I'm surprised that they don't do an integration test in CI where they actually start the app. (Since that's all you need to catch it)
I'm not usually one to pile on to a developer for releasing a bug but this is pretty special. The nature of the bug (a change in format for a changelog markdown file causes the entire app to break) and the testing it would have taken to uncover it (literally any) makes this one especially embarrassing for Anthropic.
Meta comment, but the pace of this is so exciting. Feels like a new AAA MMO release or something, having such a confluence of attention and a unified front.
Even if it broke after some sort of vibe coding session, the fact that we’re now pushing these tools to their limits are what’s allowing Anthropic and Boris getting a lot of useful insights to improve the models and experience further! So yeah, buckle up, bumps expected
The good news is that they broke their usage tracking as well, so you can use Opus without any rate limit!
As I commented [1] on the earlier Claude Code post, there's an issue [2] that has the following comment:

> While we are always monitoring instances of this error and and looking to fix them, it's unlikely we will ever completely eliminate it due to how tricky concurrency problems are in general.

This is an extraordinary admission. It is perfectly possible (easy, even, relative to many programming challenges) to write a tool like this without getting the design so wrong that the same bug keeps happening in so many different ways that you have to publicly admit you're powerless to fix them all.

[1] https://news.ycombinator.com/item?id=46523740

[2] https://github.com/anthropics/claude-code/issues/6836

At least this breakage is clear & obvious.

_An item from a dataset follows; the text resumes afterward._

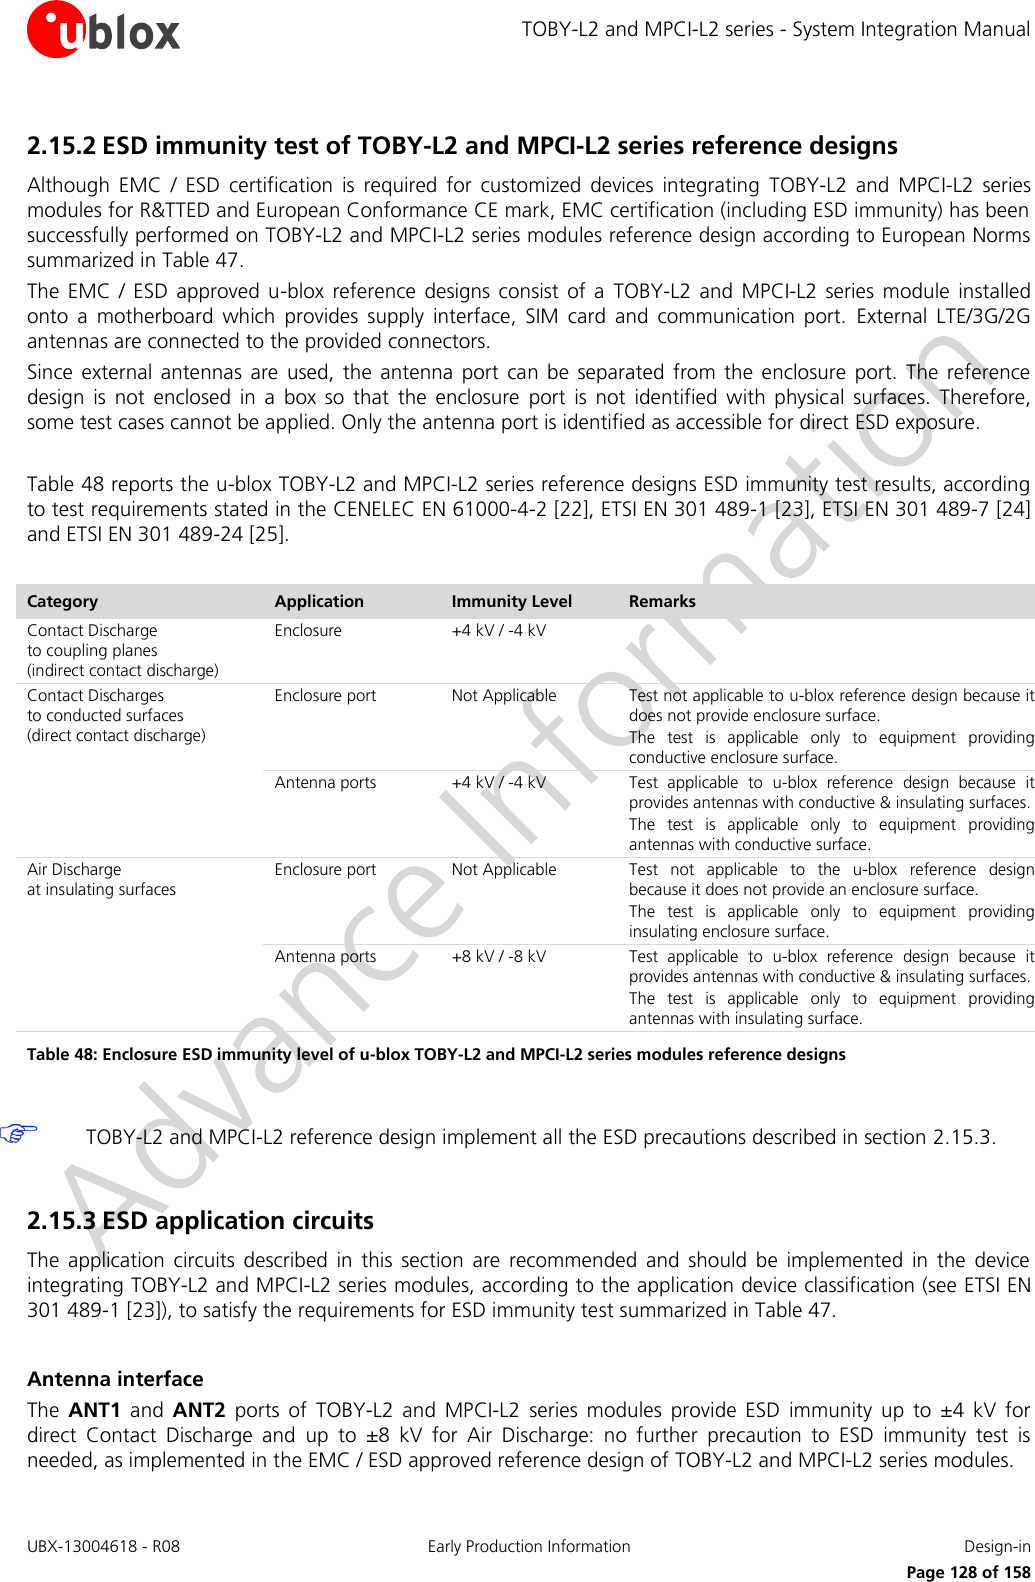 TOBY-L2 and MPCI-L2 series - System Integration Manual UBX-13004618 - R08  Early Production Information  Design-in     Page 128 of 158 2.15.2 ESD immunity test of TOBY-L2 and MPCI-L2 series reference designs Although  EMC  /  ESD  certification  is  required  for  customized  devices  integrating  TOBY-L2  and  MPCI-L2  series modules for R&amp;TTED and European Conformance CE mark, EMC certification (including ESD immunity) has been successfully performed on TOBY-L2 and MPCI-L2 series modules reference design according to European Norms summarized in Table 47. The  EMC  /  ESD  approved  u-blox  reference  designs consist  of  a  TOBY-L2  and  MPCI-L2  series  module  installed onto  a  motherboard  which  provides  supply  interface,  SIM  card  and  communication  port.  External  LTE/3G/2G antennas are connected to the provided connectors. Since  external  antennas  are  used,  the  antenna  port  can  be  separated  from  the  enclosure  port.  The  reference design  is  not  enclosed  in  a  box  so  that  the  enclosure  port  is  not  identified  with  physical  surfaces.  Therefore, some test cases cannot be applied. Only the antenna port is identified as accessible for direct ESD exposure.  Table 48 reports the u-blox TOBY-L2 and MPCI-L2 series reference designs ESD immunity test results, according to test requirements stated in the CENELEC EN 61000-4-2 [22], ETSI EN 301 489-1 [23], ETSI EN 301 489-7 [24] and ETSI EN 301 489-24 [25].  Category Application Immunity Level Remarks Contact Discharge  to coupling planes  (indirect contact discharge) Enclosure +4 kV / -4 kV  Contact Discharges  to conducted surfaces  (direct contact discharge) Enclosure port Not Applicable Test not applicable to u-blox reference design because it does not provide enclosure surface. The  test  is  applicable  only  to  equipment  providing conductive enclosure surface. Antenna ports +4 kV / -4 kV Test  applicable  to  u-blox  reference  design  because  it provides antennas with conductive &amp; insulating surfaces. The  test  is  applicable  only  to  equipment  providing antennas with conductive surface. Air Discharge  at insulating surfaces Enclosure port Not Applicable Test  not  applicable  to  the  u-blox  reference  design because it does not provide an enclosure surface. The  test  is  applicable  only  to  equipment  providing insulating enclosure surface. Antenna ports +8 kV / -8 kV Test  applicable  to  u-blox  reference  design  because  it provides antennas with conductive &amp; insulating surfaces. The  test  is  applicable  only  to  equipment  providing antennas with insulating surface. Table 48: Enclosure ESD immunity level of u-blox TOBY-L2 and MPCI-L2 series modules reference designs   TOBY-L2 and MPCI-L2 reference design implement all the ESD precautions described in section 2.15.3.  2.15.3 ESD application circuits The  application  circuits  described  in  this  section  are  recommended  and  should  be  implemented  in  the  device integrating TOBY-L2 and MPCI-L2 series modules, according to the application device classification (see ETSI EN 301 489-1 [23]), to satisfy the requirements for ESD immunity test summarized in Table 47.  Antenna interface  The  ANT1  and  ANT2  ports  of  TOBY-L2  and  MPCI-L2  series  modules  provide  ESD  immunity  up  to  ±4  kV  for direct  Contact  Discharge  and  up  to  ±8  kV  for  Air  Discharge:  no  further  precaution  to  ESD  immunity  test  is needed, as implemented in the EMC / ESD approved reference design of TOBY-L2 and MPCI-L2 series modules. 
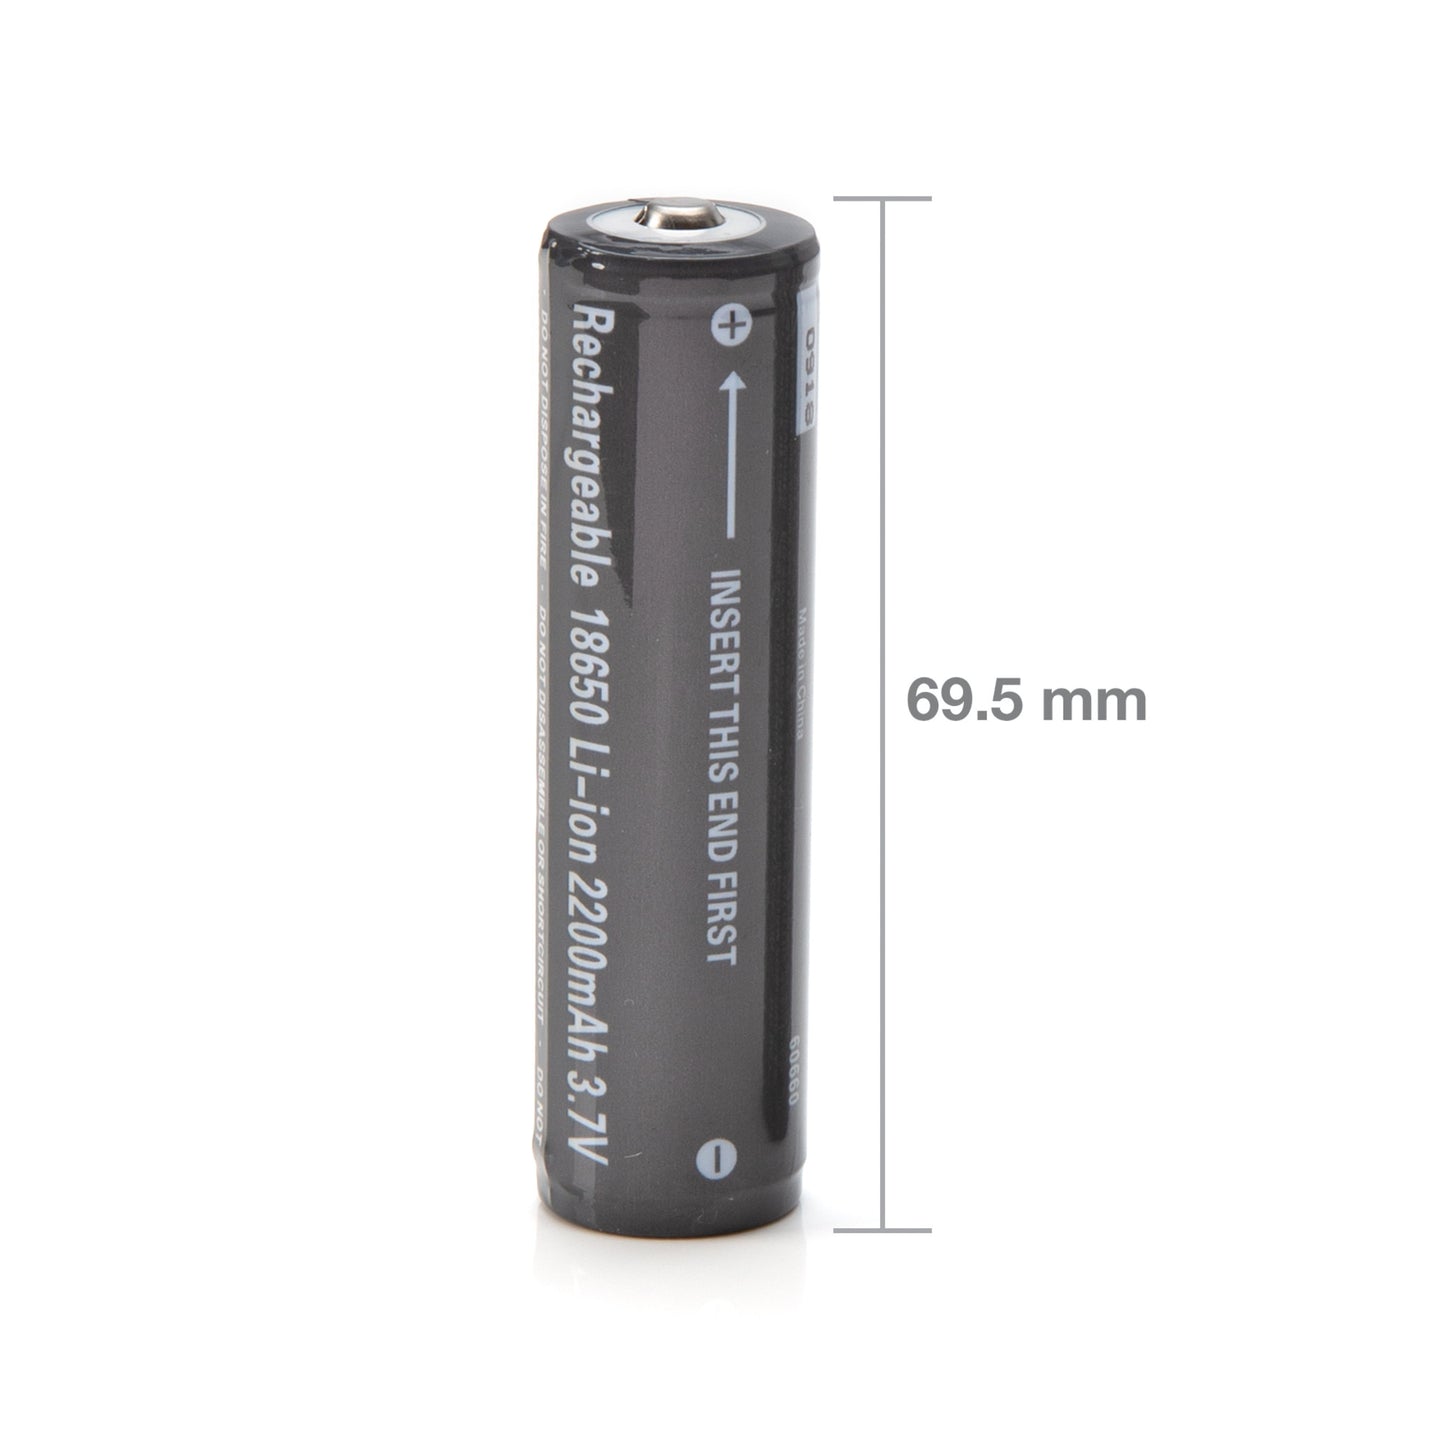 Rechargeable 18650 Li-Ion 3.7V 2200mAh Replacement Battery

I did some testing of configuring Claude CLI sometime ago via .claude json config files - in particular I tested:

- defining MCP servers manually in config (instead of having the CLI auto add them)

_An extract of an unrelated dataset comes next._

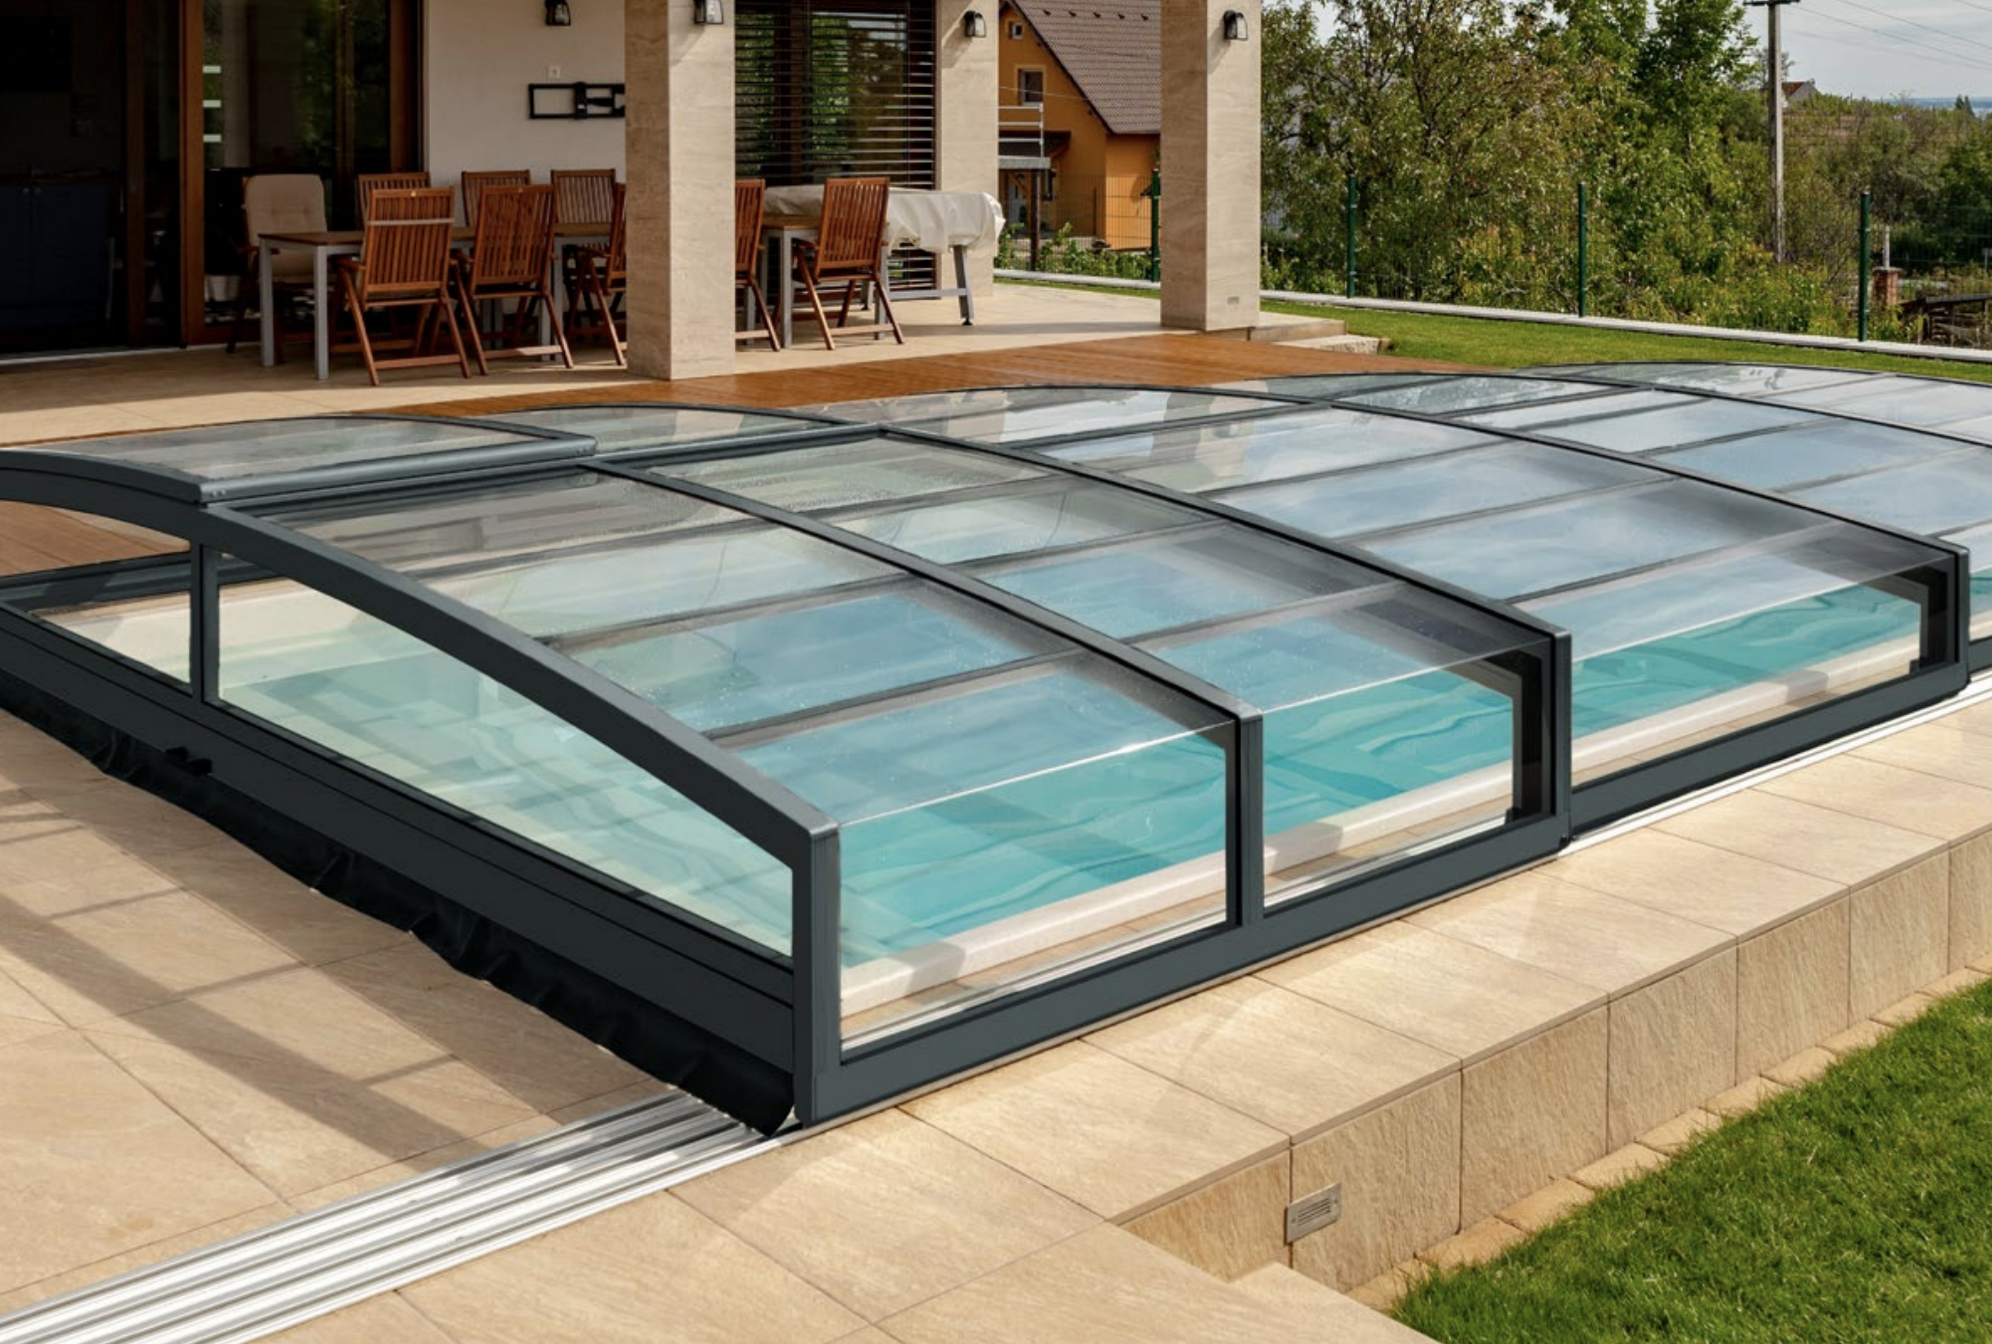 Poolshelter ONE swimming pool enclosures

- playing with various combinations of ’permissions` arrays

What I discovered was that Claude is not only vibe coded, but basic local logic around config reading seems to also work on the basis of "vibes".

- it seemed like different parts of the CLI codebase did or didn't adhere to the permissions arrays.

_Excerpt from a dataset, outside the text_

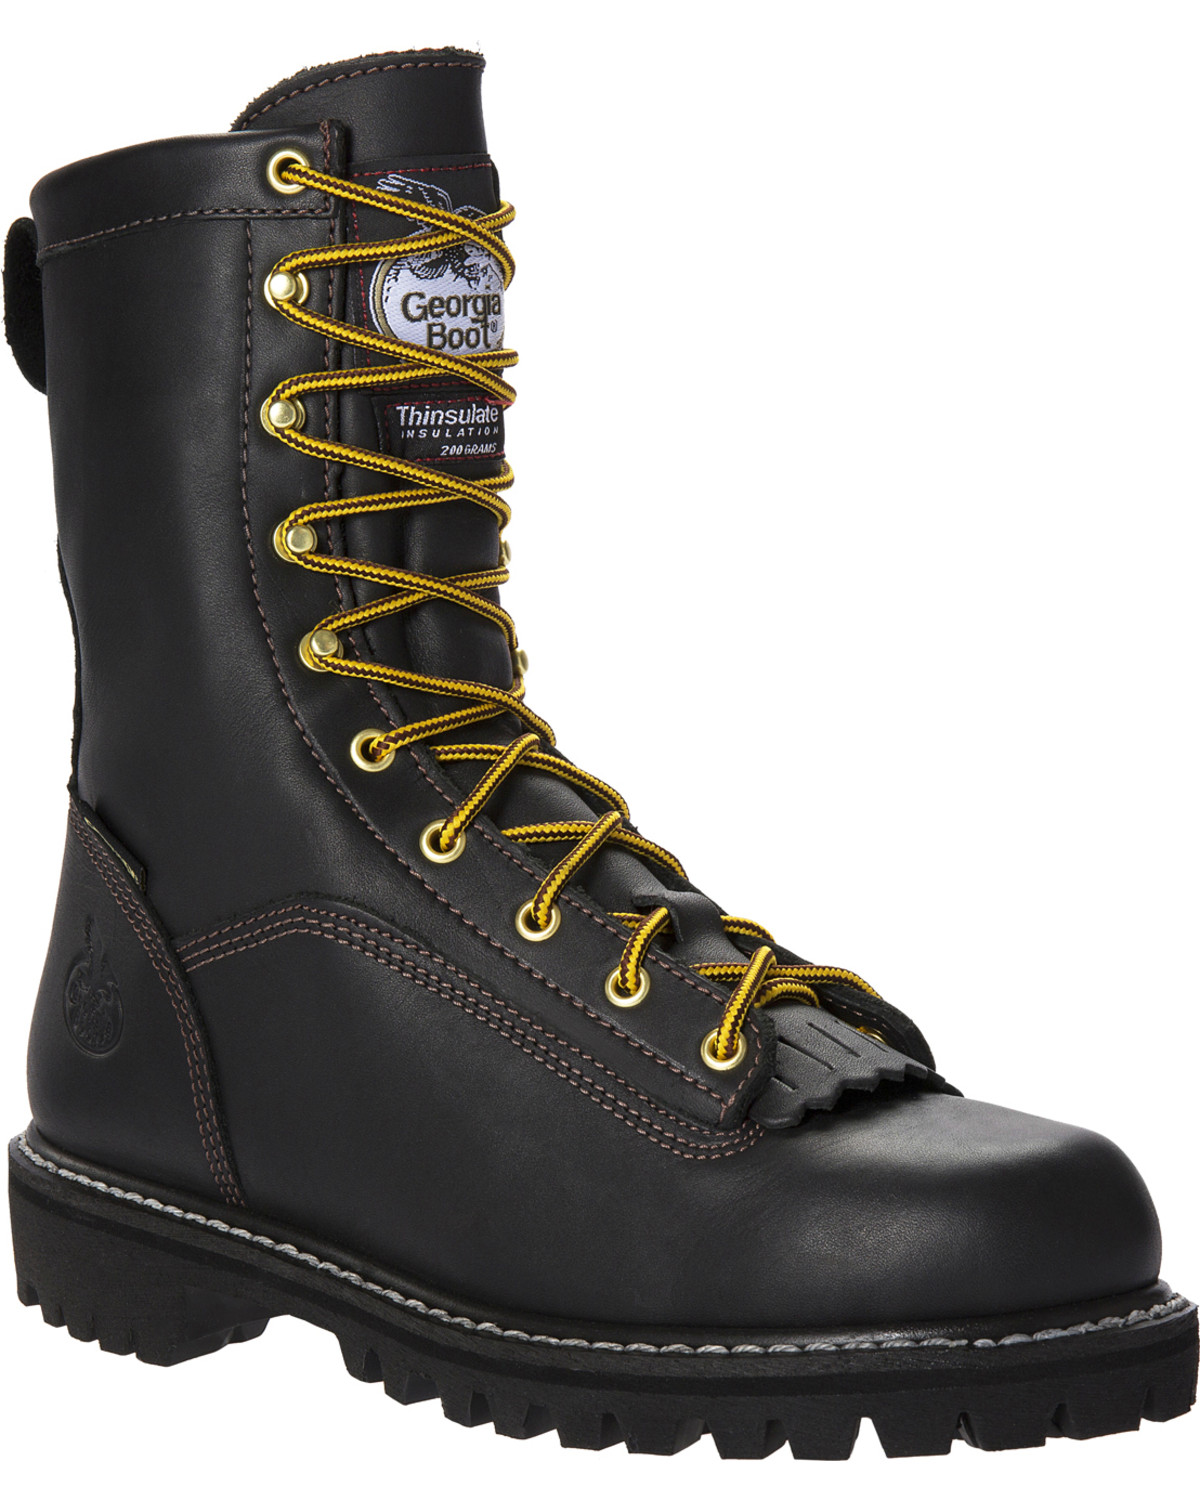 GORE-TEX Insulated Work Boots | Boot Barn

- at one point it told me it didn't have permission to read the .claude directory & as a result ran bash commands to search my entire filesystem looking for MCP server URLs for it to provide me with a list of available MCP servers

- when restricted to only be able to read from a working directory, at various points it told me I had denied it read permissions to that same working directory & also freely read from other directories on my system without prompting

- restricting webfetch permissions is extremely hit & miss (tested with Little Snitch in alert mode)

---

I have not reported any of the above as Github issues, nor do I intend to. I had a think about why I won't & it struck me that there's a funny dichotomy with AI tools:

1. all of the above are things the typical vibe coder stereotypes I've encountered simply do not really care deeply about

2. people that care about the above things are less likely to care enough about AI tools to commit their personal time to reporting & debugging these issues

There's bound to be exceptions to these stereotypes out there but I doubt there's sufficient numbers to make AI tooling good.

Not sure the comments are debating the semantics of vibe coding or confusing ourselves with generalizing anecdotal experiences (or both). So here's my two cents.

I use LLMs on a daily basis. With the rules/commands/skills in place the code generated works, the app is functional, and the business is happy it shipped today and not 6 months from now. Now, as as super senior SWE, I have learned through my professional experiences (now an expert?) to double check your work (and that of your team) to make sure the 'logical' flows are implemented to (my personal) standard of what quality software should 'look' like. I say personal standard since my colleagues have their own preferred standard, which we like to bikeshed during company time (a company standard is after all made of the aggregate agreed upon standards of the personal experiences of the experts in the room).

Today, from my own personal (expert) anecdotal experiences, ALL SOTA LLMs generate functional/working code. But the quality of the 'slop' varies on the model, prompts, tooling, rules, skills, and commands. Which boils down to "the tool is only as good as the dev that wields it". Assuming the right tool for the right job. Assuming you have the experiences to determine the right tool for the right job. Assuming you have taken the opportunities to experience multiple jobs to pair the right tool.

Which leads me to, "Vibe coding" was initially coined (IMO) to describe those without any 'expertise' producing working/functional code/apps using an LLM. Nowadays, it seems like vibe coding means ANYONE using LLMs to generate code, including the SWE experts (like myself of course). We've been chasing quality software pre-LLM, and now we adamantly yell and scream and kick and shout about quality software from the comment sections because of LLM. I'm beginning to think quality software is a mirage we all chase, and like all mirages its just a little bit further.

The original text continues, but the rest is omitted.